Когда Маша с помощью санитаров стала перевязывать Гриднева, ее охватила внезапная слабость, потемнело в глазах. Огромным напряжением волн она устояла на ногах, но боялась сделать что-нибудь не так. Гриднев потерял много крови: пуля прошла ниже ключицы и разворотила плечо. Постепенно привычные движения успокоили ее, и она стала делать все точно и уверенно, но как бы во сне, словно кто-то другой делал все за нее, а она только наблюдала со стороны.
За дни боев она перевязала десятки раненых, многие умерли на ее руках, но такого с ней никогда не бывало. Тут только Маша поняла, как дорог ей Андрей, как боится она потерять его, и это открытие поразило ее. Она говорила себе, что это неправда, что Андрей ей так же дорог, как и другие раненые, но до боли сердца она поняла, что это не так.
После перевязки кровотечение прекратилось, но Андрей по-прежнему был без сознания, только брови его выпрямились, складки на лице разошлись, и лицо стало спокойным и как бы равнодушным, словно он просто очень устал и уснул глубоким сном.
С передовой донесся близкий стук пулеметов, участились разрывы мин. Кузовлев прислушался, мускулы его сухого, строгого лица затвердели, он сделал знак Постнову.
— Мы должны идти, Маша. Ты будь с ним.
Маша сидела около Андрея. Она впервые так близко видела его лицо: и высокий лоб, и темные, вразлет, как крылья птицы, брови, и прямой, красивый нос, и резко очерченные губы, и маленькую темную родинку на левой щеке, которую она раньше не замечала. Его лицо казалось ей незнакомым и прекрасным, в нем было выражение какой-то большой серьезной мысли, и она удивлялась, как не замечала до сих пор этой красоты. Все в нем было ей сейчас дорогим, он был так близок ей — чужой человек, которого она еще два месяца назад вовсе не знала.
Бой на высоте не затихал. Немцы беспрерывно атаковали позиции полка, раз даже прорвались к самой землянке, а к вечеру перерезали единственную дорогу, связывавшую батальон Арефьева с полком, но Маша ничего этого не знала. Она не слыхала ни разрывавшихся вокруг землянки снарядов, ни стрельбы пулеметов, ни треска автоматов, ни воя метели, бушевавшей за стенами; не знала, был сейчас день или ночь. Для нее не существовало ничего, кроме лежавшего в беспамятстве Андрея. Ранение Андрея всколыхнуло в ней потаенное чувство любви к нему, в котором она раньше не признавалась себе. И теперь потерять Андрея? Нет, она будет бороться за его жизнь, за свое счастье. Немногое могла она сделать — одна в этой землянке, на голой высоте, со всех сторон окруженной врагами. Она делала ему уколы камфары, когда пульс у него слабел, давала лекарства, поила вином, растирала спиртом ноги и руки.
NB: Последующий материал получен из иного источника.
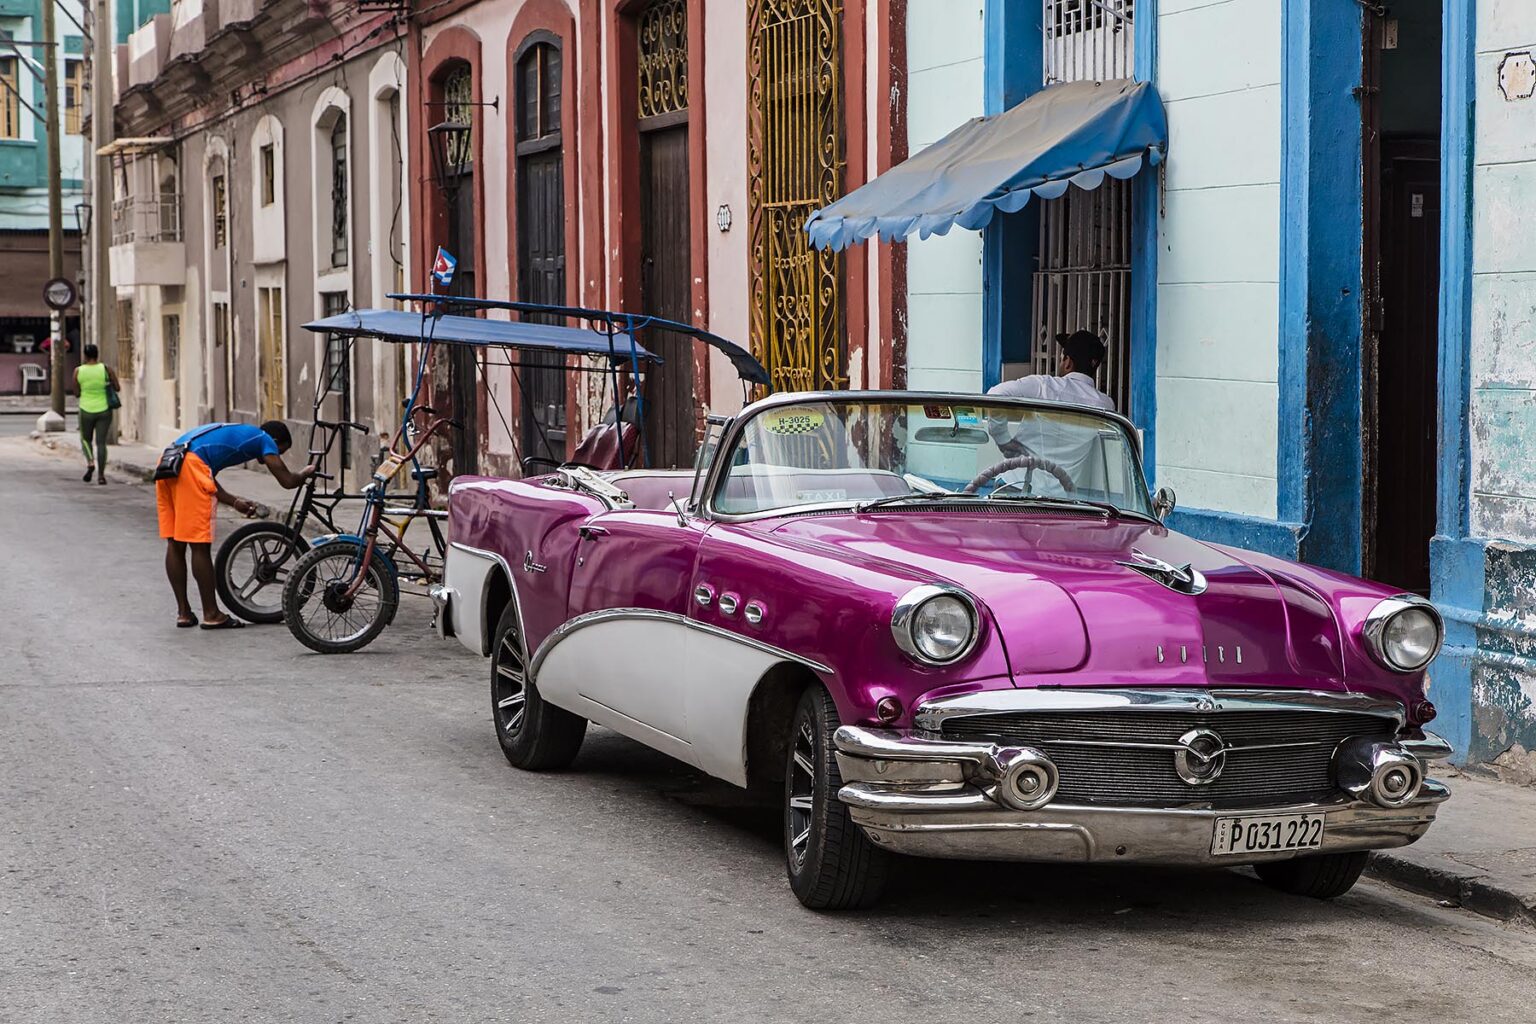 A Classic American cart outside the artist colony CALLEJON DE HAMEL started by SALVADOR GONZALES - HAVANA, CUBA
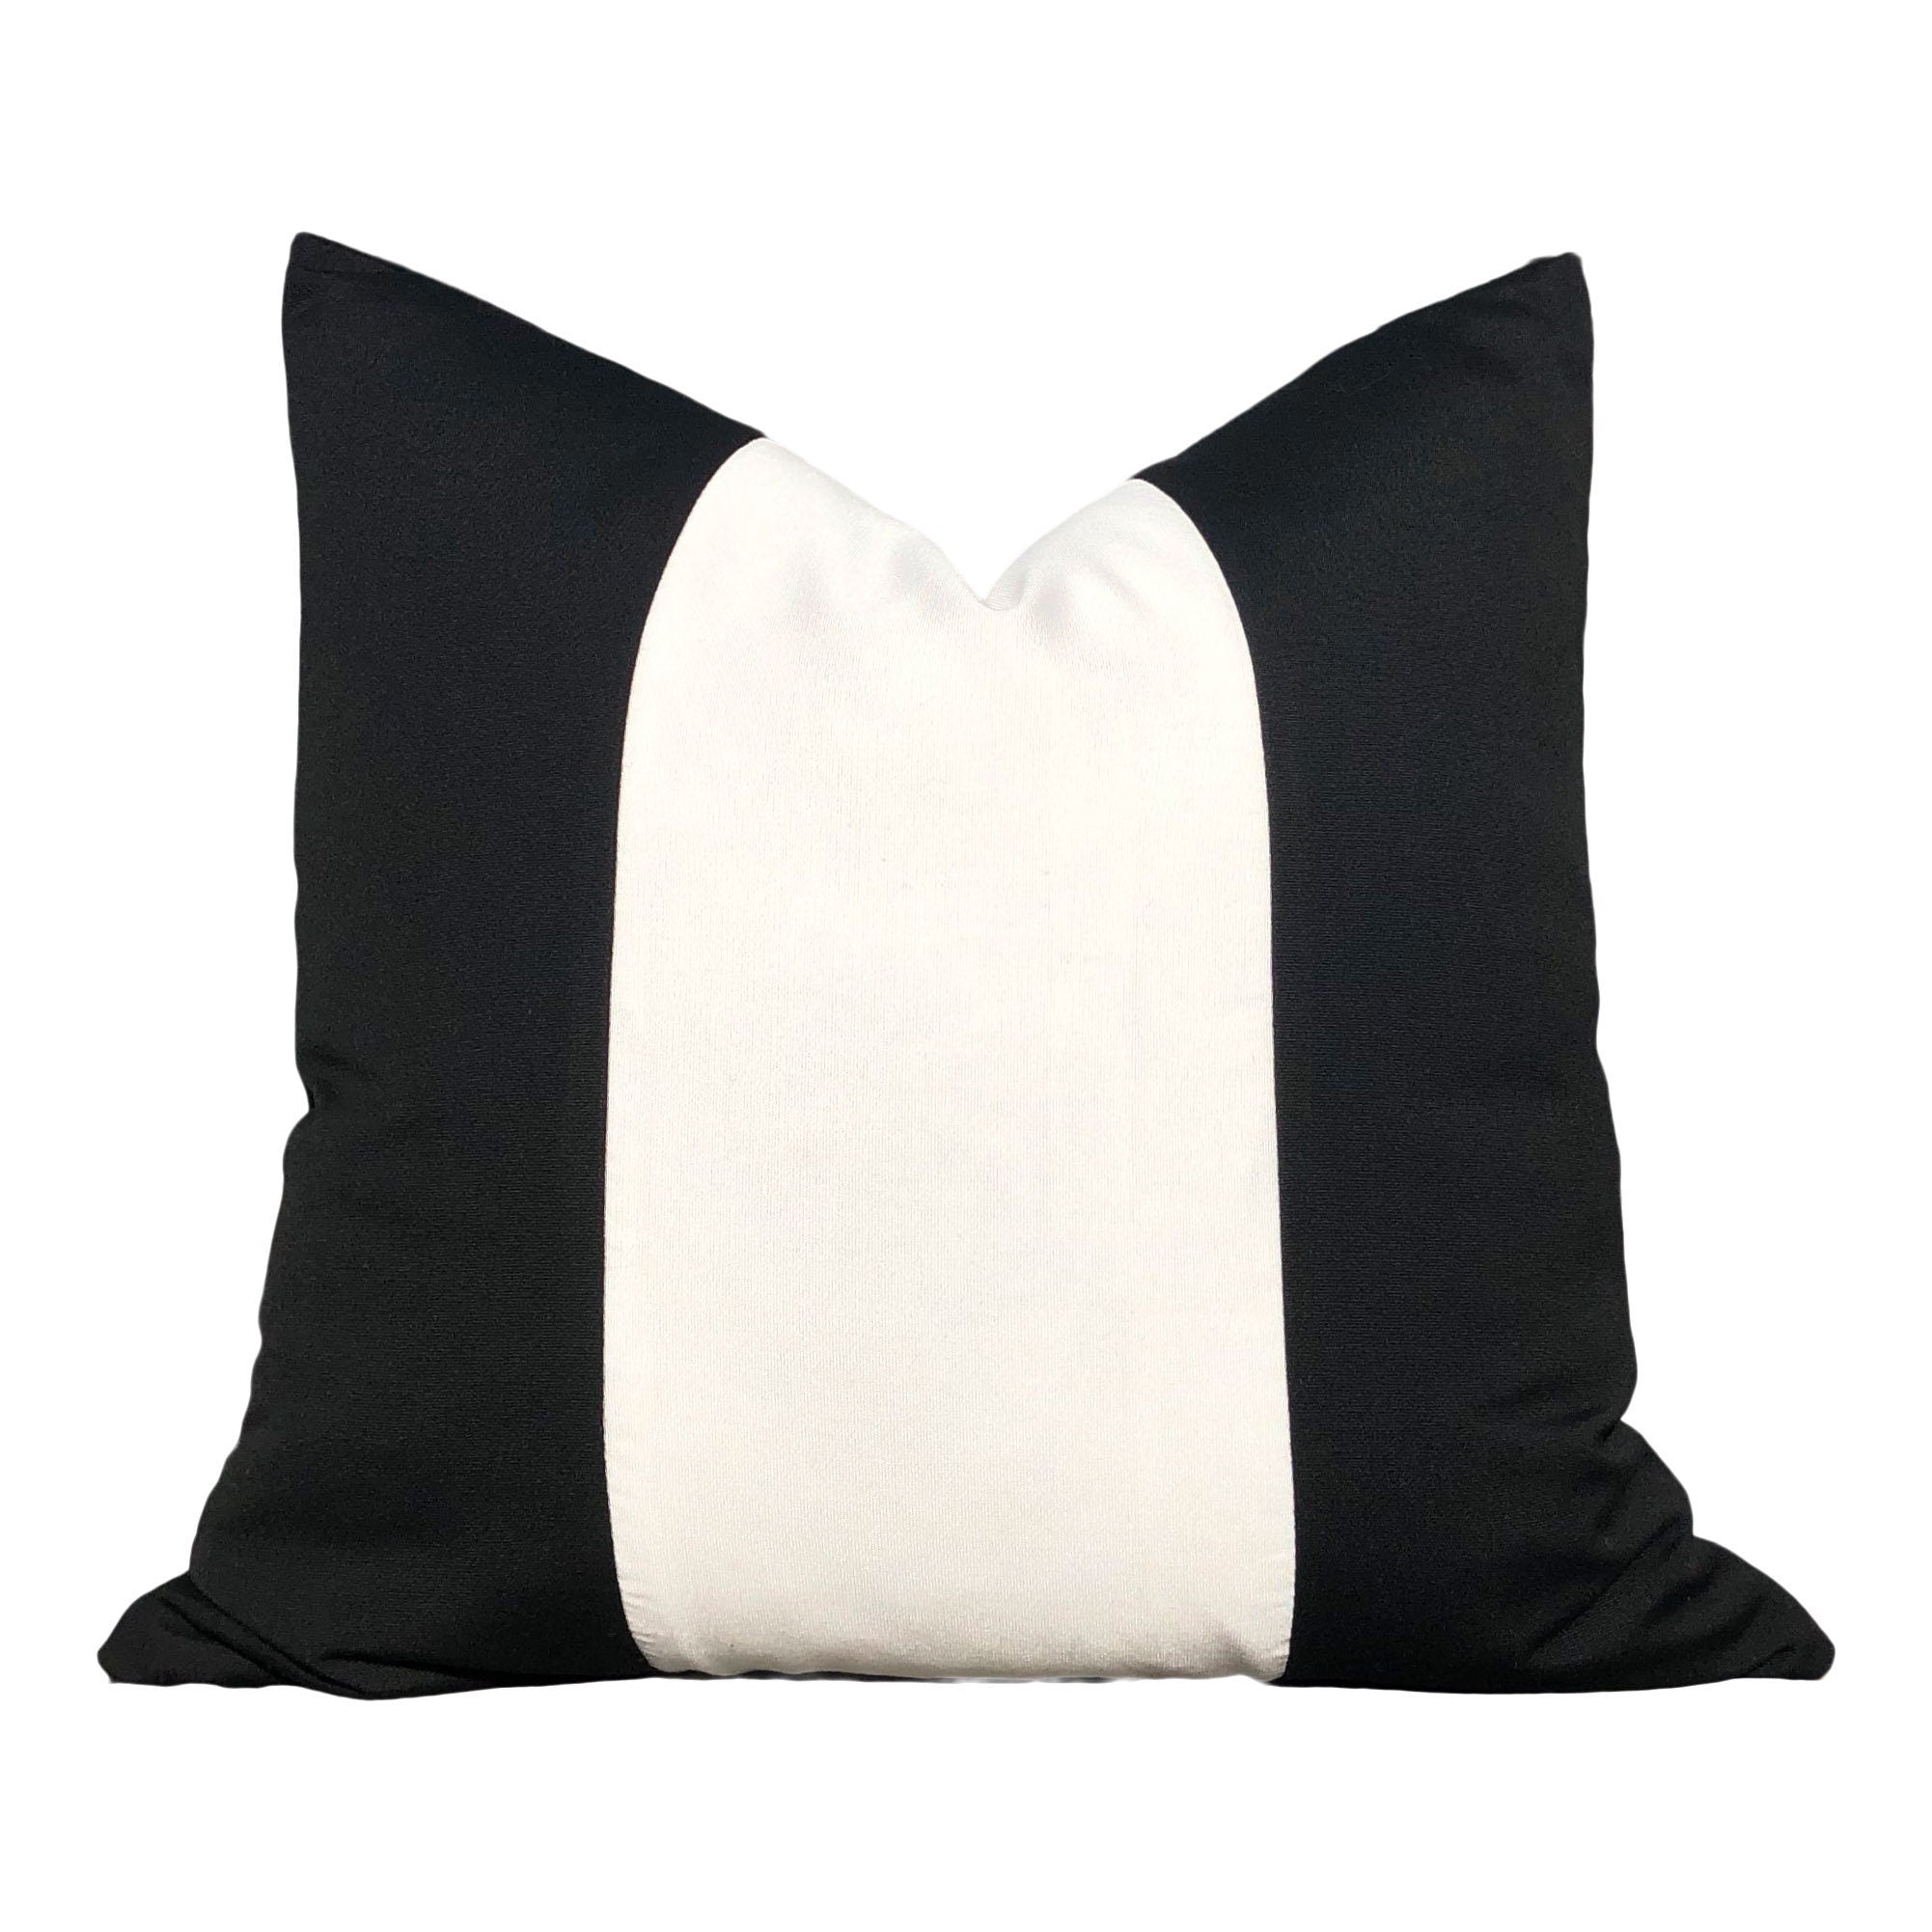 Sunbrella Black and White Striped Outdoor Pillow.

Коптилка вздрагивала при близких разрывах снарядов, маленький, беспомощный огонек трепетал, дымил, и казалось, вот-вот погаснет — так и Гриднев всю ночь был между жизнью и смертью. Иногда Маше казалось, что он делал какое-то чуть приметное движение, тогда она склонялась над пим и замирала в ожидании.
Перед рассветом в землянку прибыли еще двое раненых: Ахутин и один из новеньких. Новенький, по фамилии Семичев, раненный в голову, дошел сам и вместе с Постновым привез на санках Ахутина. Второй санитар, Кузовлев, был убит.
— Долго лечить меня будете? — спросил Ахутин после перевязки.
Постнов не дал ответить Маше, боясь, что она скажет правду.
— Не расстраивайся, Григории Михайлович, у тебя рана легкая, через недельку опять воевать будешь!
Ахутин недоверчиво посмотрел на жалостливое, ласковое лицо Постнова и промолчал.
Не докурив самокрутку, Постнов заторопился и собрался уходить. Маша сказала ему, чтобы он сначала отдохнул, обогрелся.
— Ну вот еще! — Постнов застенчиво улыбнулся. — Отчего бы это мне устать?
Перед уходом он задержался у порога и сказал Маше тихо, чтобы не услышали раненые:
— Батальон отрезан. Как же ты тут одна... если вдруг немцы прорвутся?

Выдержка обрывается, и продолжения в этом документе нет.